All three models reproduce the temporal asymmetry in the spectral shift between negative and positive delays that directly reflects the distinct mean velocities of the photoelectrons emitted by the pump and probe pulses. Note that the three models are identical for $t\lt 0$ (see section 2.3). For longer negative delays, the simple mean-field approach underestimates the experimental results which we tentatively attribute to mirror-charge effects that are not included in the analytical models but should lead to an asymmetric spectral shift in the experiment. For negative delays, the probe electrons do not see the pump-induced electrons or the associated mirror charges for an initial time period (corresponding to the delay) as the pump has not reached the sample surface, and subsequently, the probe electrons see the mirror charges screened by the pump electron cloud. For positive delays, on the other hand, there is an initial time period during which the probe electrons feel the mirror charges much stronger as the probe electrons emerge between the pump electron cloud and its mirror charge cloud.

For $t\gt 0$, the 1D, 2D, and extended 2D model give successively better agreement with the experiments. Quantitative agreement at long positive delays can in particular be obtained using the extended 2D model in which the broad distribution of kinetic energies in the pump electron cloud is taken into account.

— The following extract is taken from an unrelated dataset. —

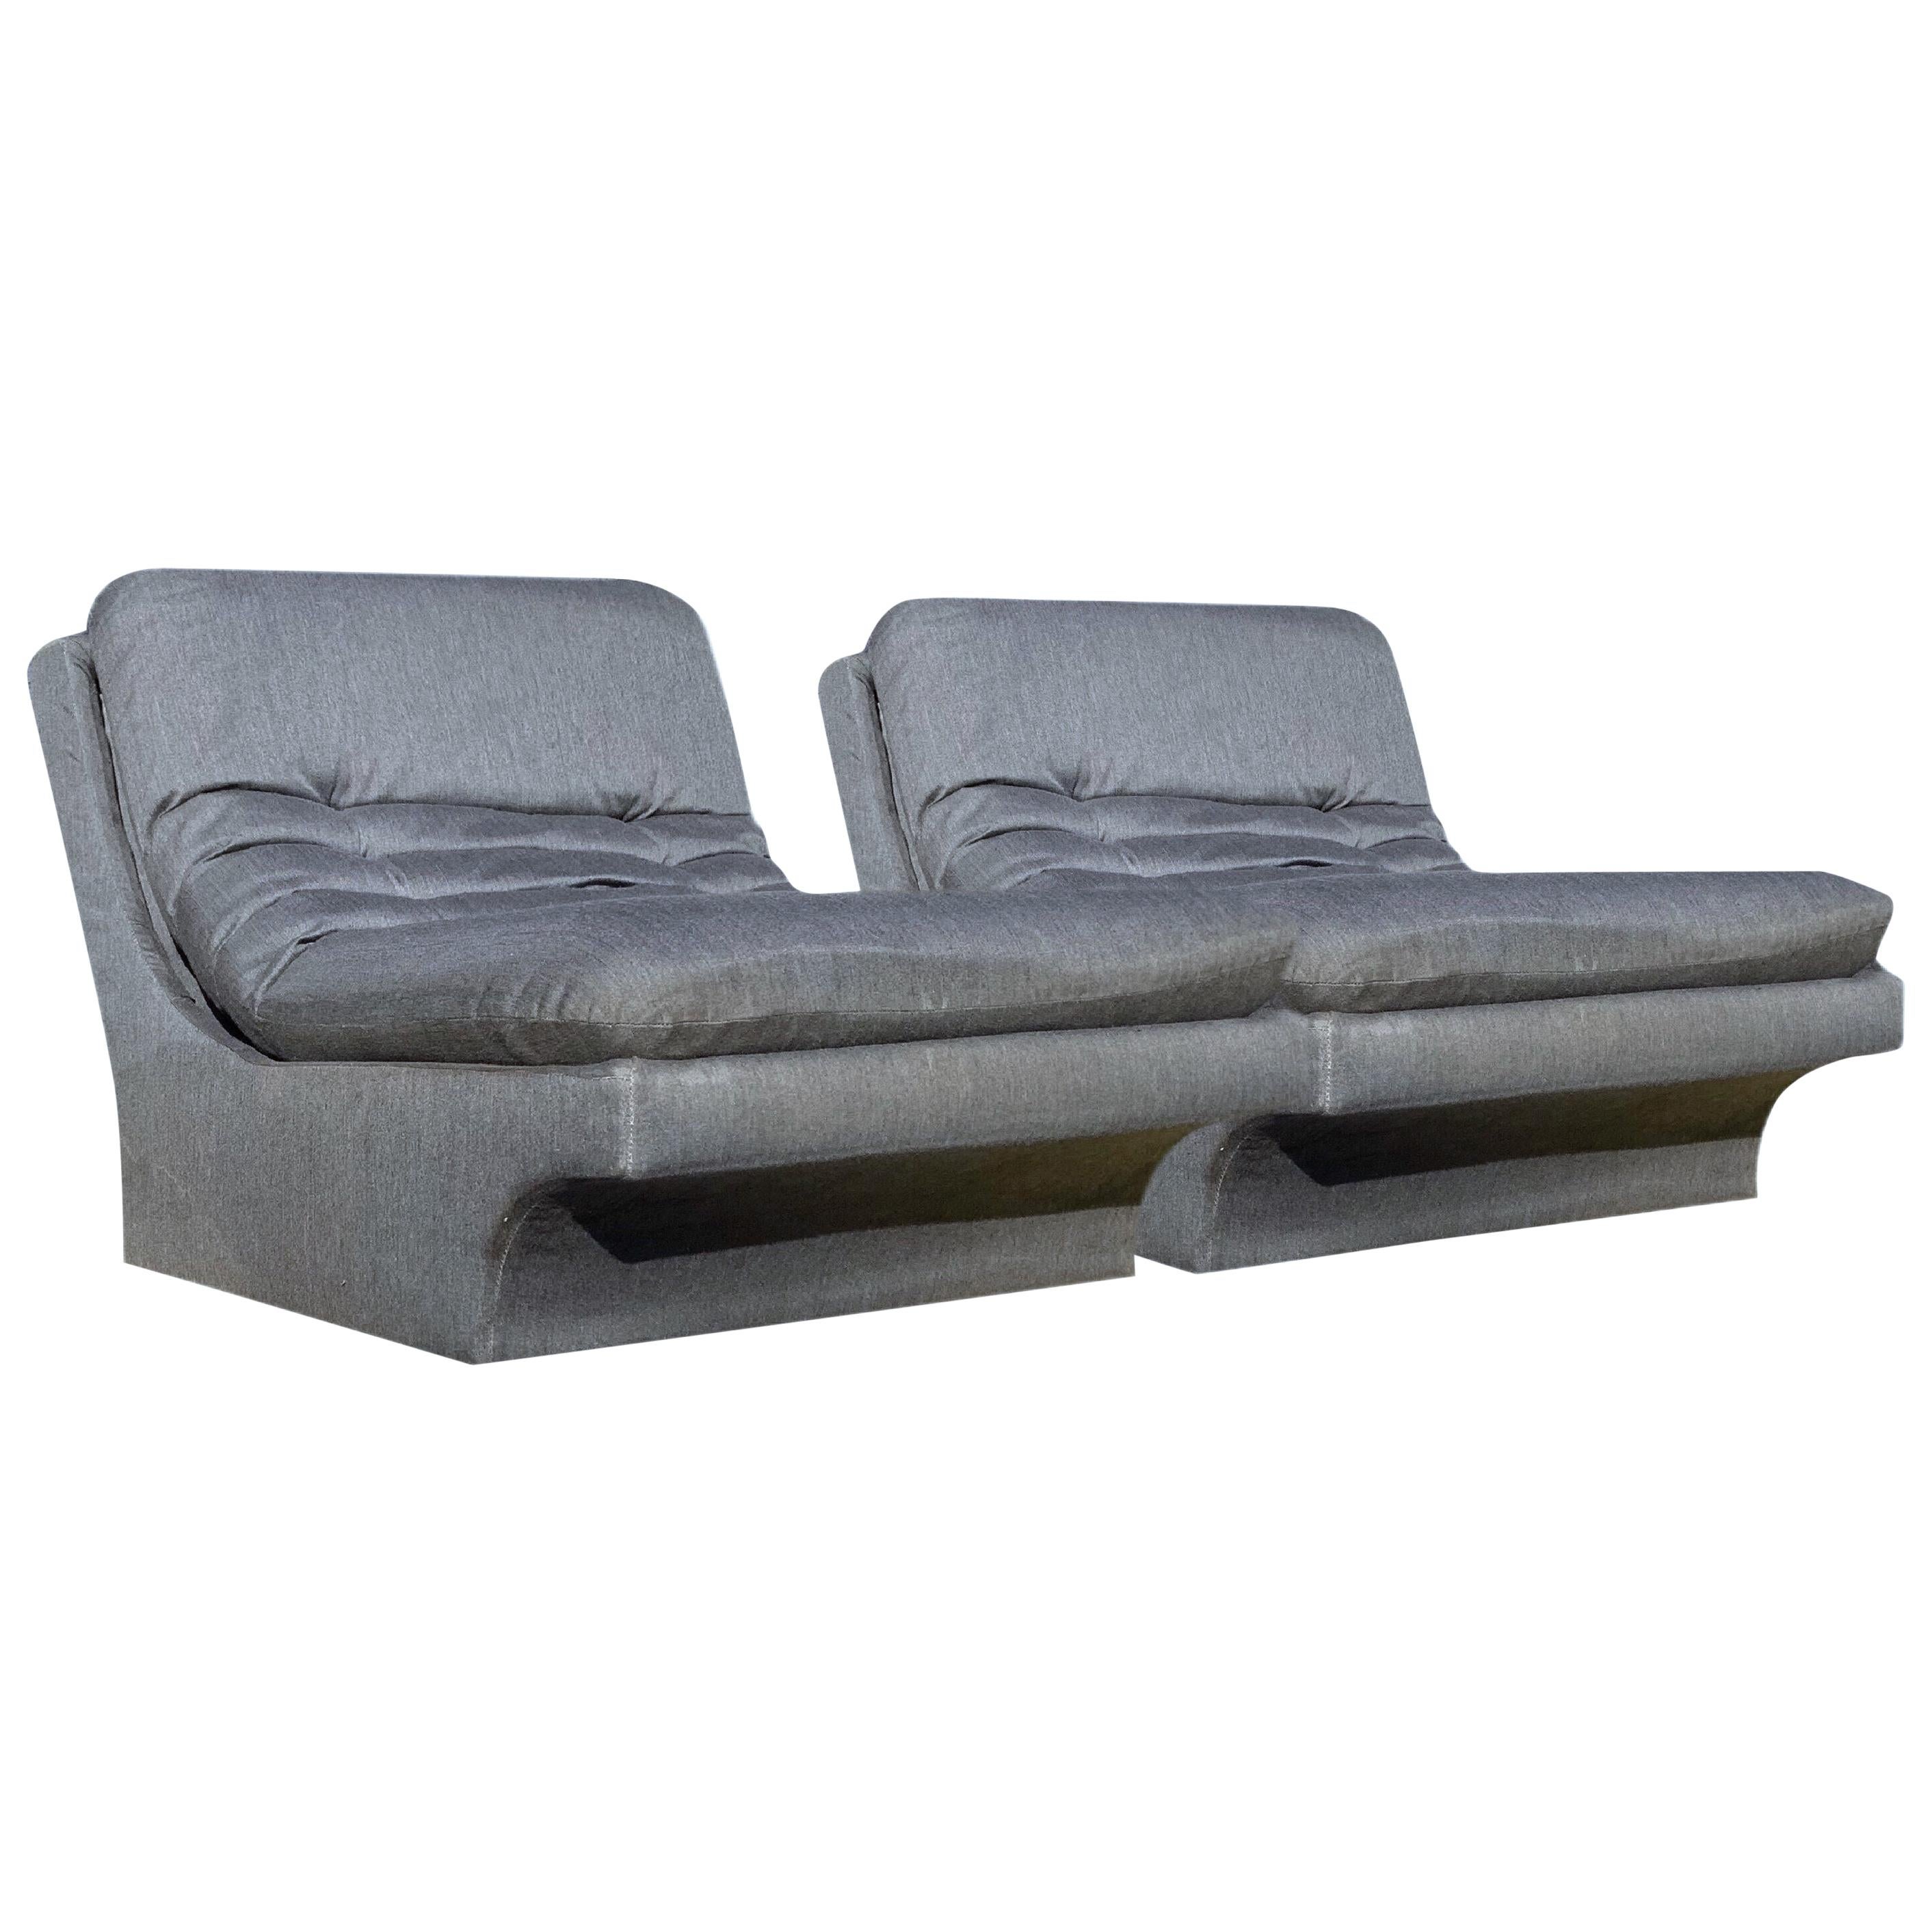 Mid-Century Modular Lounge Chairs Loveseat Preview Furniture Sofa 1970

The shorter relaxation time for the stronger excitation can be explained by the presence of faster electrons in the pump electron cloud (see figure 8(a)) that will result in a faster expansion of the pump electron cloud and a shorter interaction time between pump and probe electrons.

The results of figure 8(b) demonstrate that a quantitative description of pump pulse-induced space-charge effects in time-resolved solid-state photoemission is possible and relatively simple when the probe electrons are significantly faster than the electrons emitted by the pump pulse. The sharp peaking of the spectral shift that occurs when pump and probe pulses overlap in time can in particular be used to determine the experimental time zero with a precision of better than ±10 ps.